沈曼最后在酒店里发现沈媛的时候,沈媛正躺在浴缸里,准备割腕。
那个平日里知性优雅的沈媛,眼神空洞地看着她,像是行尸走肉一样,嘴里只说了一句话。
她说,“霍敬轩说得对,就算我脱光了站在薄东尧面前,他也不会看我一眼。”
如果说沈媛是个偏执狂,那霍敬轩则是尽职尽责地陪她疯了九年。
“我姐姐,悔婚了,”沈曼动作轻缓地将戒指设计图收好,“之前我跟你说过,她和我姐夫恋爱九年,其实不确切,事实应该是,我姐夫追了她九年,终于等到她点头同意,但是最后,沈媛还是为了那个男人悔婚了。”
听到沈媛这个名字的时候,顾斓曦明显地愣了一下。
沈媛的名字她有印象,a市很有名气的美女主播,不过沈媛的私生活很低调,也没有公开过家世,之前沈曼跟她聊起来的时候,也从没与提起顾沈媛的名字。
今天是她第一次知道,沈媛就是沈曼的姐姐。
可真正让顾斓曦愣住的,不是听到沈曼公开和沈媛的关系,而是沈曼的这番话。
沈曼不是个长舌妇,今天既然已经告诉她,结婚戒指不需要了,沈曼本应该拿着图纸直接离开,可偏偏,沈曼跟她说了这么私密的话题。
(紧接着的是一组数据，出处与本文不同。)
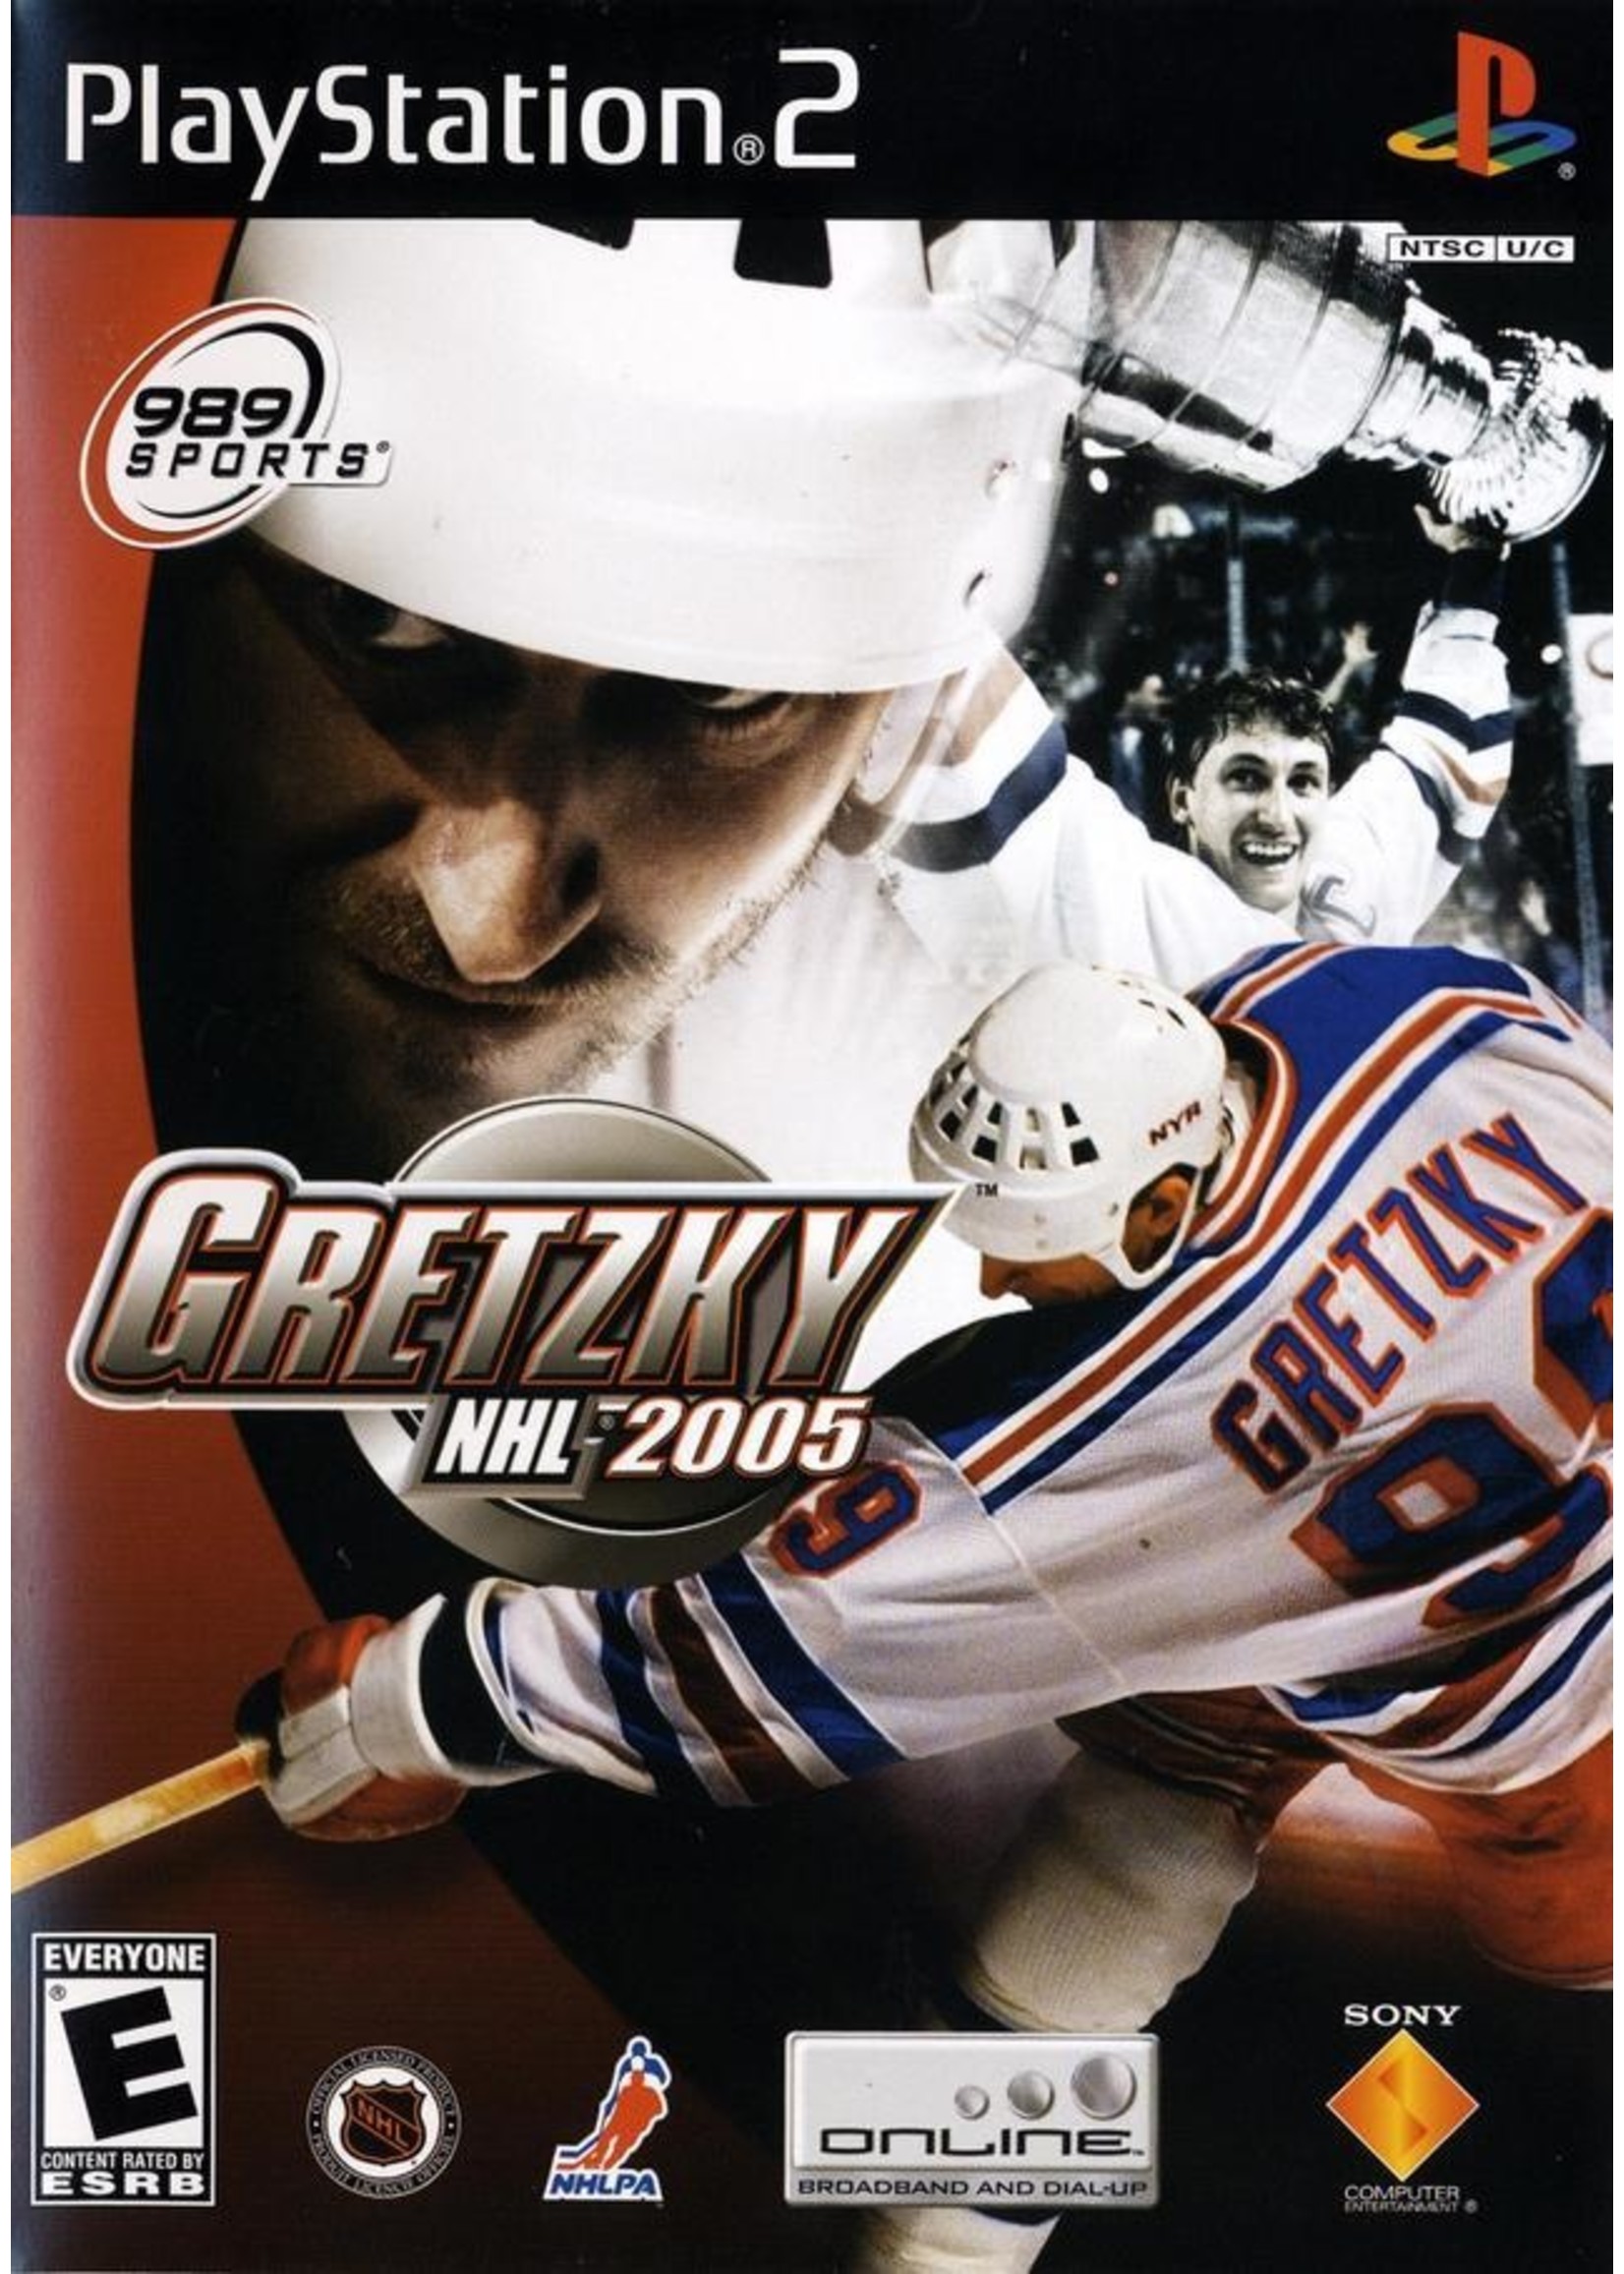 Sony Playstation 2 (PS2) Gretzky NHL 2005

沈曼会说这番话,唯一的原因,只会是这件事和她也有关系。
顾斓曦脑子里,有个名字转瞬而逝。
她已经有很长一段时间,没有听别人提起过那个男人的名字。
“顾小姐,没有好奇心么?”
沈曼看着她,有些玩味地笑。
“还是你已经猜到了我要说什么,所以不需要再问。”
顾斓曦抬眸,平静的视线对上沈曼的,“沈媛悔婚,是因为薄东尧,你姐夫没有和她恋爱九年,这九年里,沈媛一直喜欢薄东尧,而你姐夫追了她九年,终于等到沈媛同意,她却在最后关头,在订婚前因为放不下薄东尧悔婚,我还漏了什么?”
“你还漏了最重要的一点,”沈曼没有立刻说下去,而是从包里摸出一根香烟,慢条斯理地点上,然后,深深吸了一口,再吐出烟圈。
纤细白皙的手指间,一点猩红明明灭灭,沈曼却始终再开口。
直到她将那根烟抽完,吐出最后一口烟圈,“你漏了薄东尧的态度,沈媛爱了他九年,连婚也因为他毁了,以你对薄东尧的了解,你觉得薄东尧会怎么做?”
沈曼的声音很轻,安静的房间里,轻得只有她们两个人听得到。
可对顾斓曦而言,却像是一记重锤,落在她心口。
她追了薄东尧五年,不顾一切的,抛开自尊的,疯狂又**的。
最终换来的,是她的死心。
沈媛爱了薄东尧九年,最终还为他悔婚。
那沈媛呢,能换来什么?
“我从来,都没有真正了解过薄东尧,所以我想,你问错人了。”
如果她真的了解薄东尧,大概就不会这么多年都走不进他的心。
“顾斓曦,有时候我觉得你很聪明,可对于有些事,你真是蠢得可以。”
沈曼捻了烟头,再度看向顾斓曦的眼神,咄咄逼人。